Single by Fabri Fibra

from the album Tradimento
- Released: 4 April 2006
- Recorded: 2006
- Length: 4:08
- Label: Universal
- Songwriter: Fabri Fibra
- Producer: DJ Fish

Fabri Fibra singles chronology
|  | "Applausi per Fibra" (2006) | "Mal di stomaco" (2006) |

Music video
- "Applausi per Fibra" on YouTube

= Applausi per Fibra =

"Applausi per Fibra" (Applause for Fibra) is the first single released by Fabri Fibra from his third solo studio album Tradimento, released in 2006.

==Music video==
The video for "Applausi per Fibra" was directed by Cosimo Alemà.
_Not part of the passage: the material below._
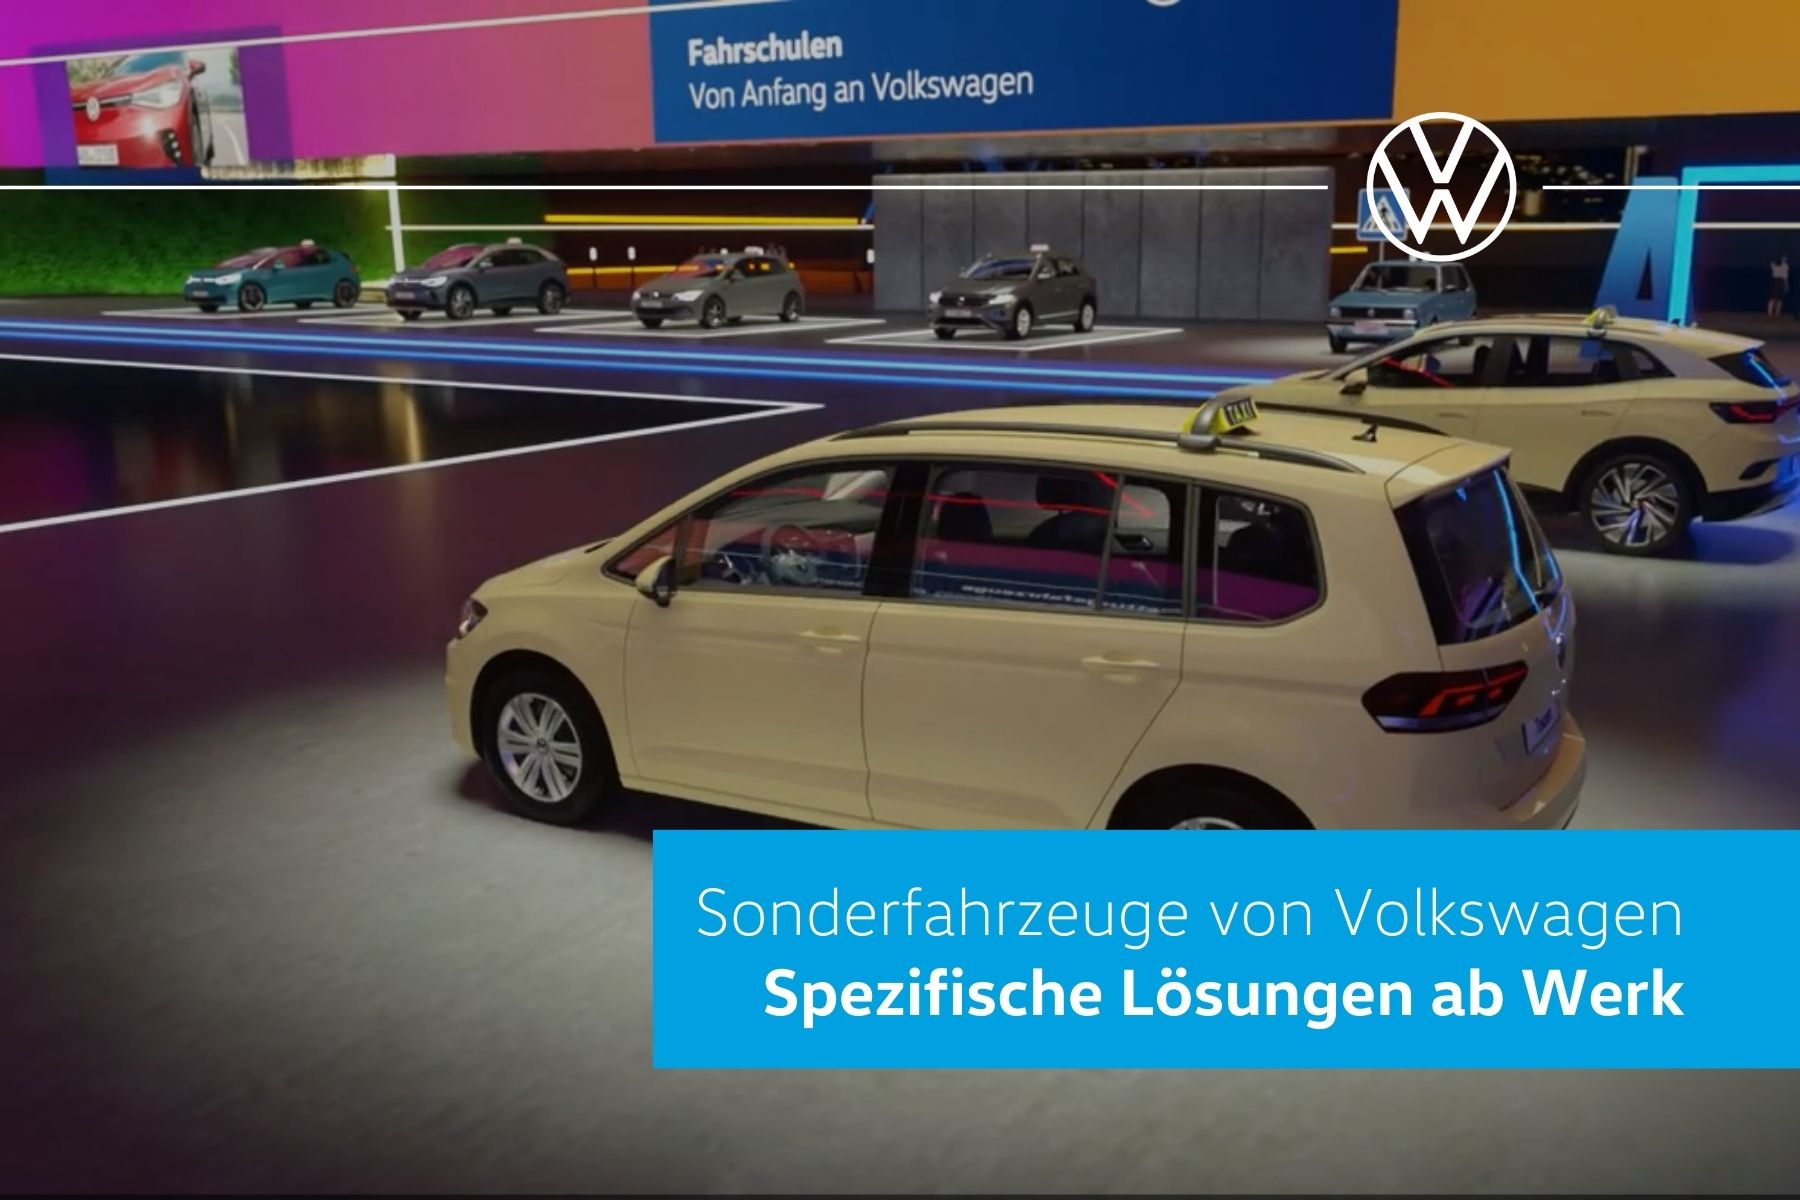 Sonderfahrzeuge von Volkswagen: Taxi, Fahrschulen, Rettungsfahrzeuge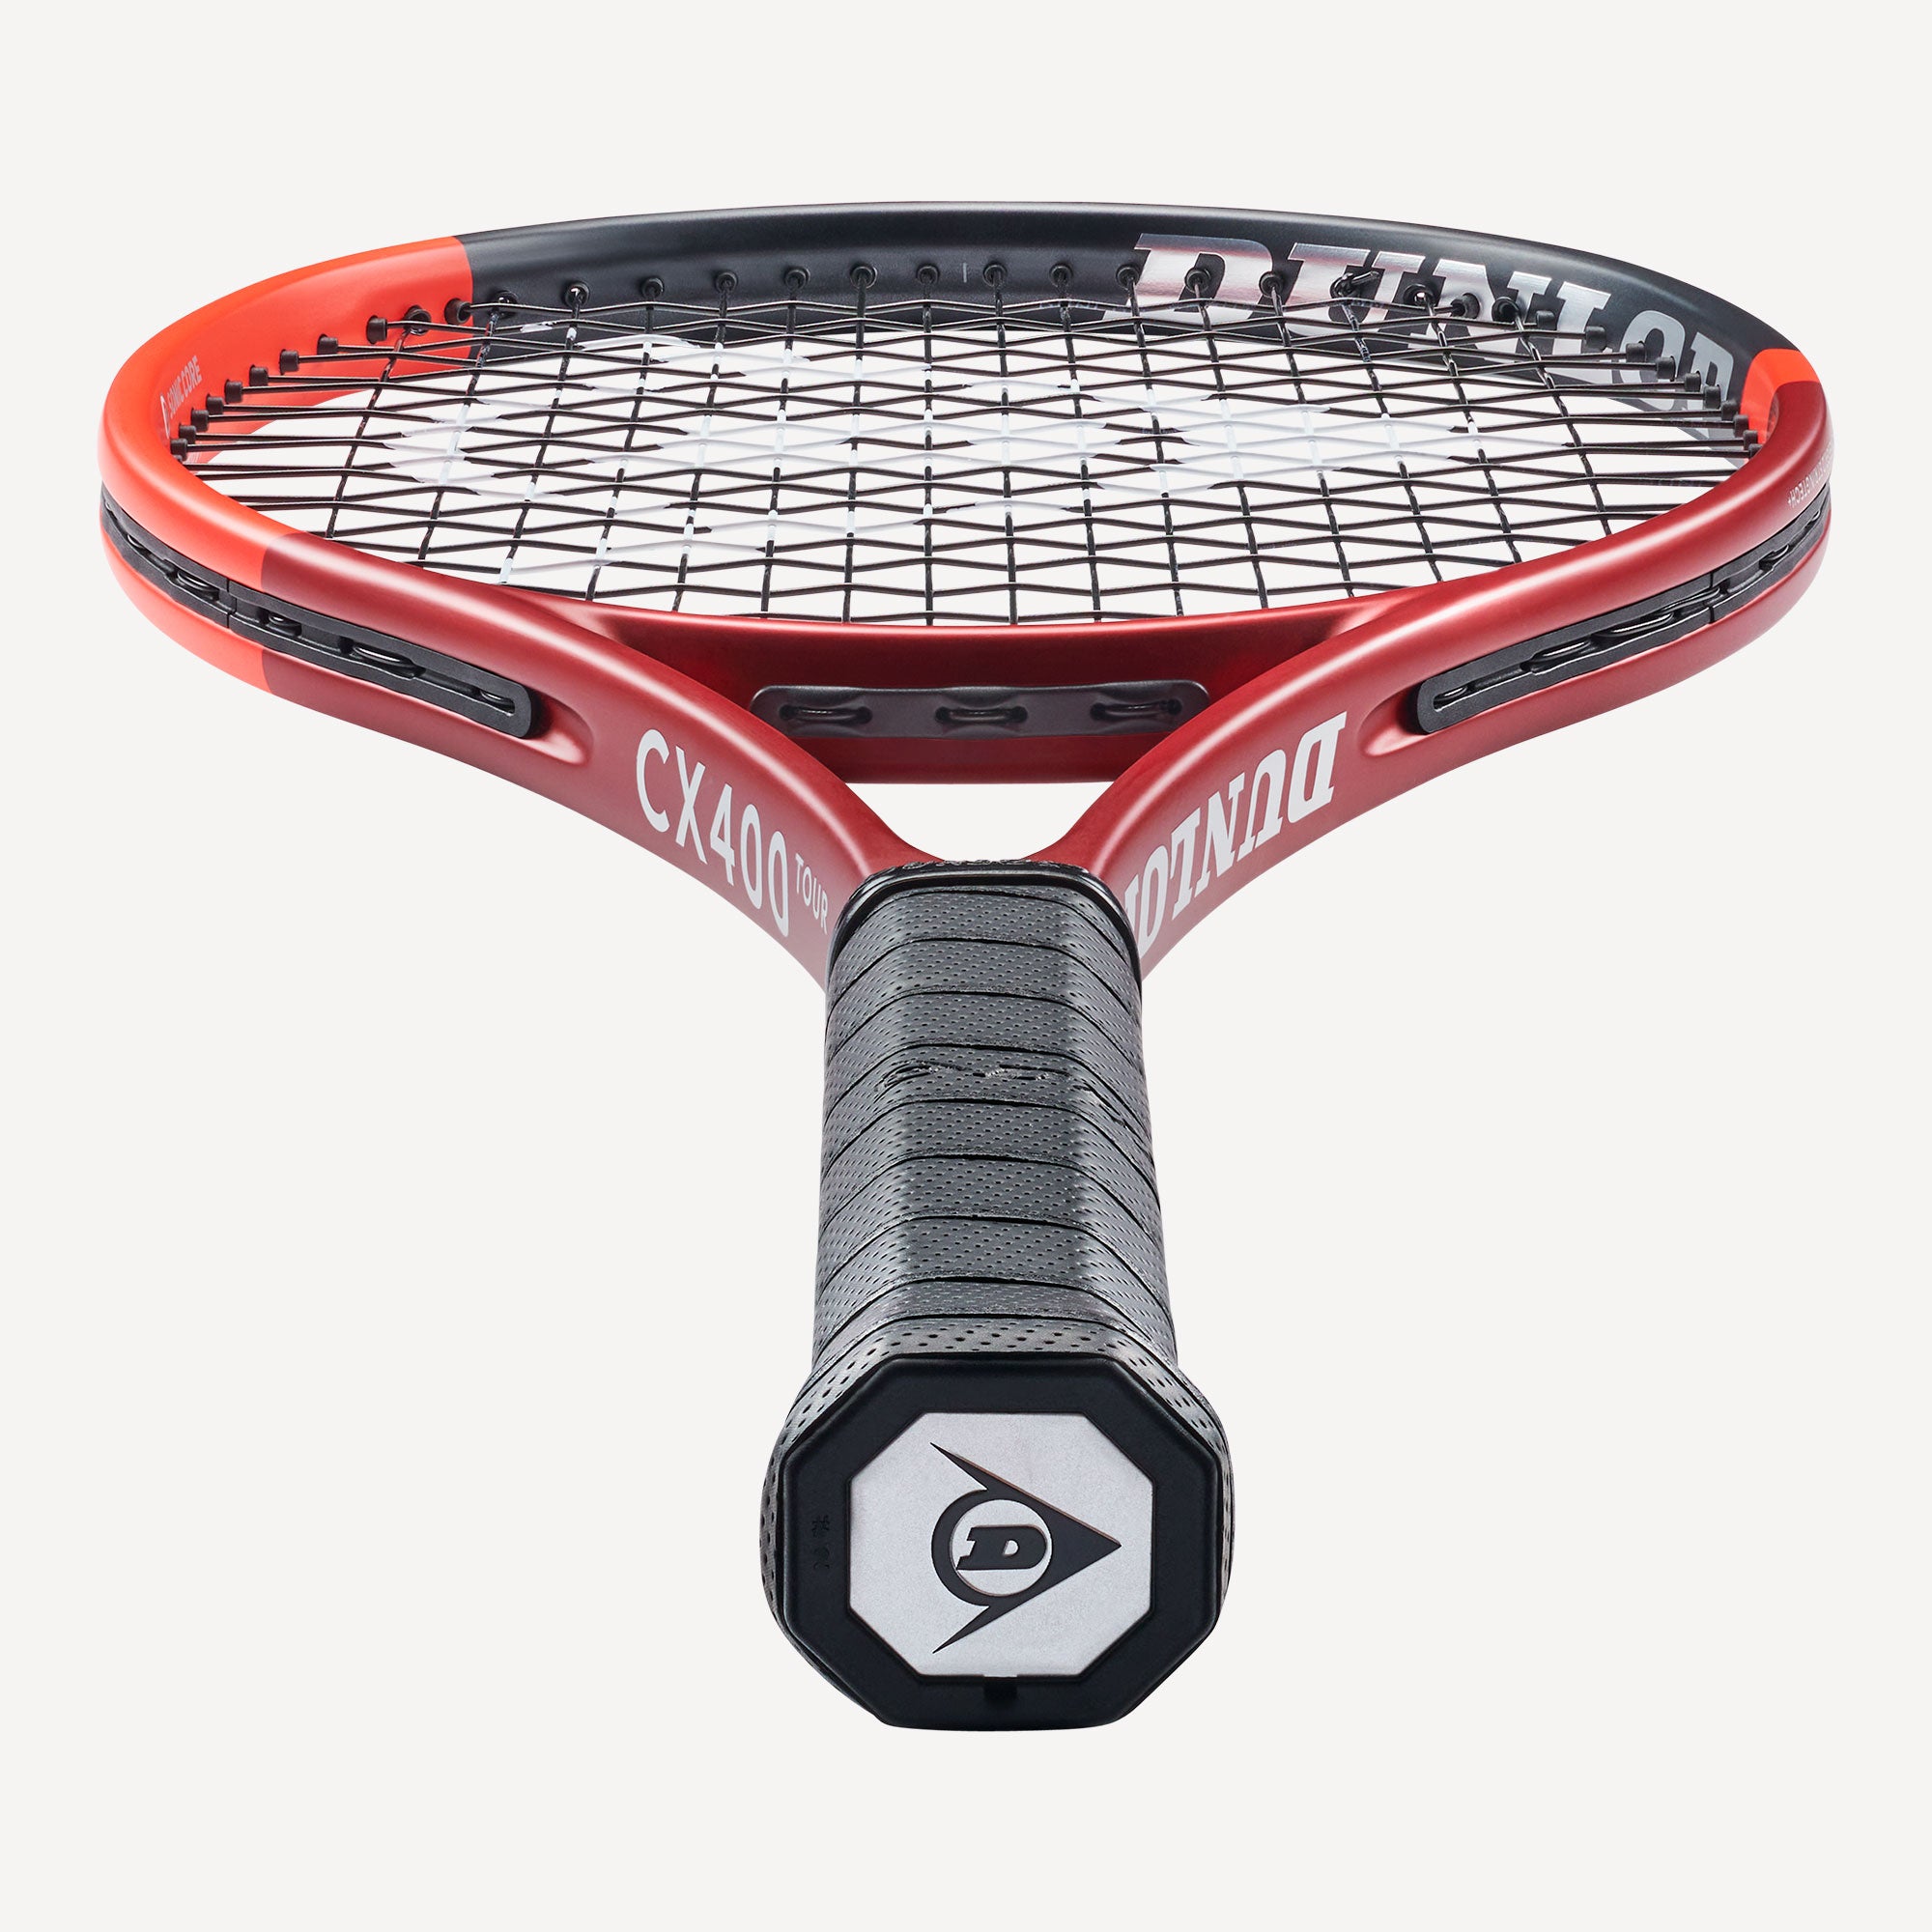 Dunlop CX 400 Tour Tennis Racket (3)

The video features Fibra, Big Fish, Nesli and others, including dancers with a white face and an "X" on eyes and mouths, alternating in front of the camera. The catchphrase of the video is "Io odio Fabri Fibra" (I hate Fabri Fibra).

==Charts==

| Chart (2006) | Peak position |
|---|---|
| France (SNEP) | 73 |
| Italy (FIMI) | 6 |

==Certifications==

| Region | Certification | Certified units/sales |
| Italy (FIMI) | 4× Platinum | 200,000^{‡} |
^{‡} Sales+streaming figures based on certification alone.

== Cover versions ==
- In 2008, the band Potap i Nastya recorded a Russian version of the song called "Na RaYone".